The process of claiming your refund is simple; let’s take you through the steps:
Steps to file for an IT refund
1. Collect your documents
Collect all the relevant documents needed to file your return. These include your PAN, passport, and bank details. Form 26AS provides you with necessary details of the TDS deducted during the year. In addition, Form 16 would determine your TDS if you are a salaried individual. You would also need details of income earned from the head ‘Income from other sources’ such as interest income and TDS certificates.
2. File the IT return
- Go to the e-filing portal (https://portal.incometaxindiaefiling.gov.in) and log in with your user ID (your PAN) and password.
- Download the ITR form applicable to you – either ITR-2 or ITR-3, depending on the nature of the income you are receiving in India. If you have a business income, you will be required to file ITR-3. In case there is no business income, ITR-2 would be applicable.
- Fill in the basic details and then click on the 'Pre Fill' button.
- Enter all relevant data and click on 'Calculate' to determine your tax and interest liability.
- Once you have filled all relevant details click 'Validate' by entering the one-time password (OTP) sent to your registered number.
- Generate and save the XML file. Save this file on your computer.
- Revisit the portal and upload the saved XML file. Add your Digital Signature (DSC) to it. (Digital Signature is used to electronically sign documents and forms)
Related: A dummy's guide to form 26AS
3. Verify your return
After you have filed your IT return you will be required to verify it. Once you have uploaded the XML file, a form known as ITR-V will be generated. This form is for the purpose of verification, so download it. You can also receive this form on your email address from the IT Department.
Once you upload the ITR with DSC, your filing is complete.
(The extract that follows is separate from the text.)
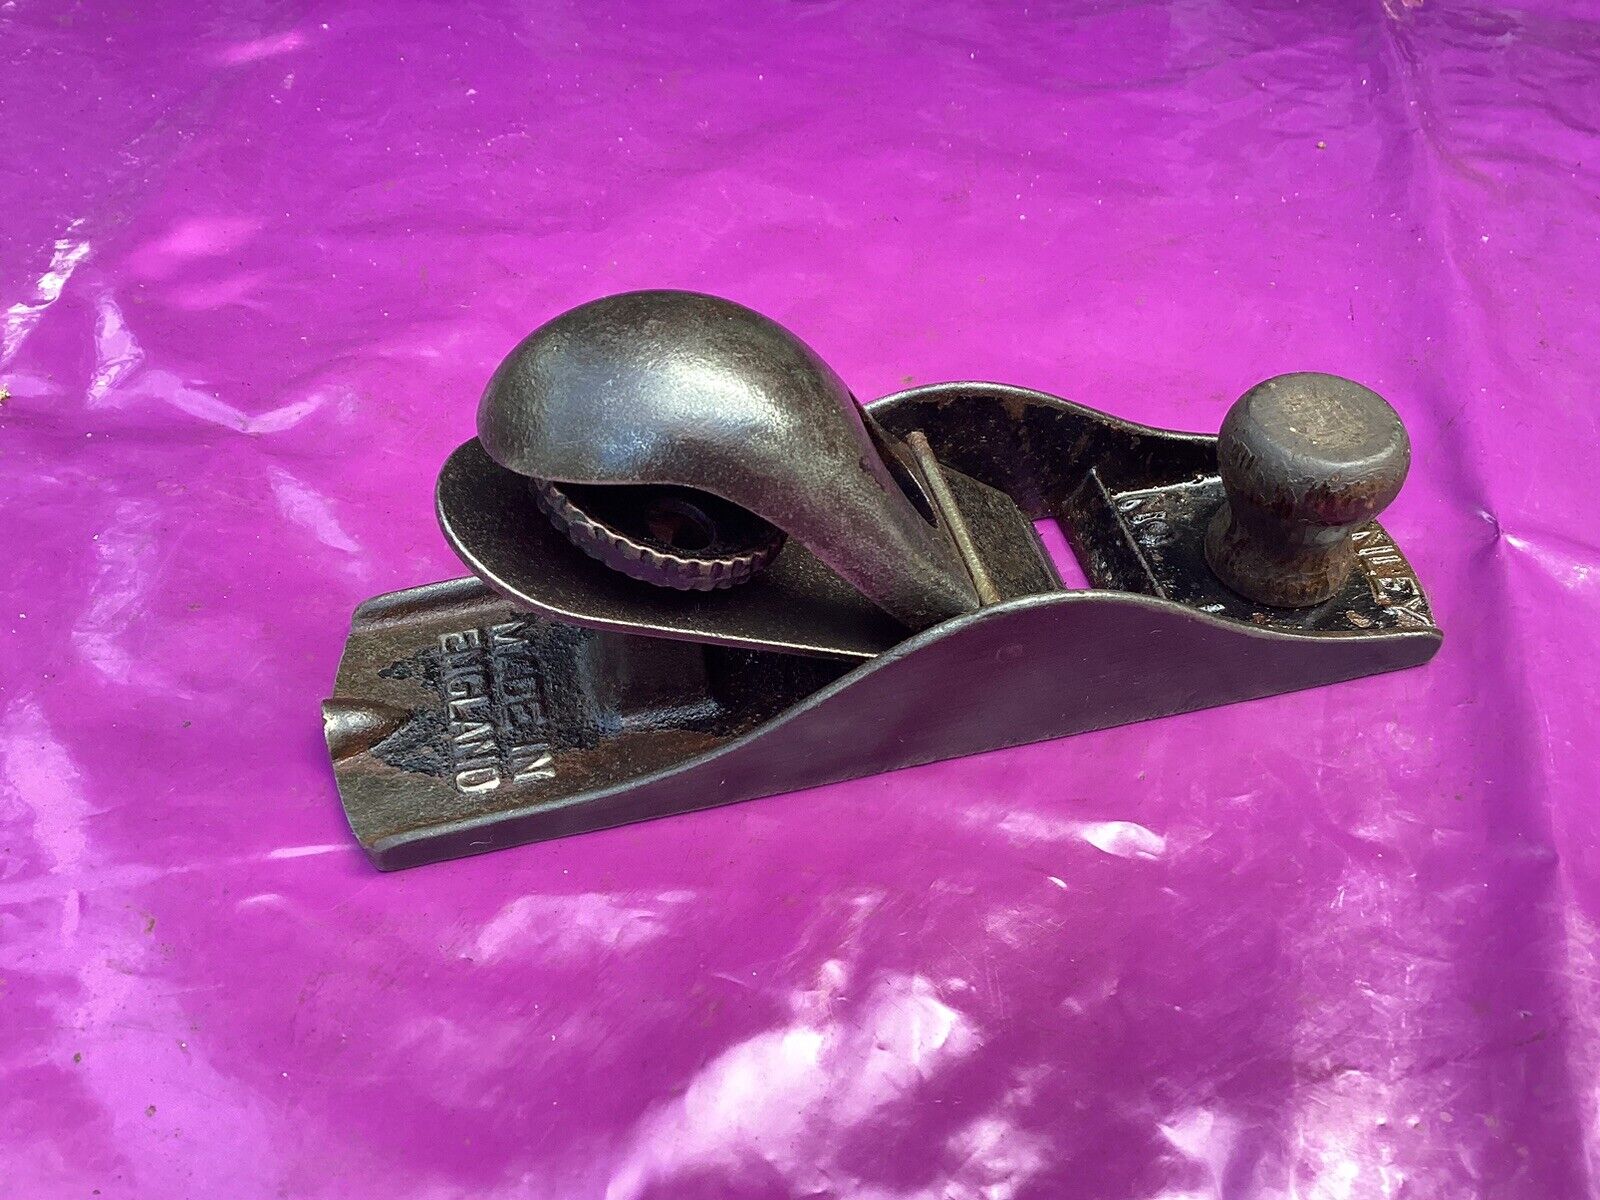 Vintage STANLEY No.110 Block Plane Woodworking Carpenters Old Hand Tools English

Alternatively, you can print a copy of the form, sign it, and submit the ITR-V within 120 days from the date of e-filing to the Centralised Processing Centre (CPC) at the following address: CPC, Post Bag No 1, Electronic City PO, Bengaluru 560 100, Karnataka.
Once your form has been received by the IT department, your return will be processed.
You need not worry about excess TDS deducted by your employer. You can claim it by filing an IT return. You just need to be aware of the TDS deductions applicable to you, depending on the various incomes you receive. As an NRI, you also have to conform to the tax laws of two countries at once, which may increase your tax liability.
Fortunately, if you reside in a country with which India has a DTAA, you can reduce your tax liability to an extent. So keep yourself updated about the information mentioned above.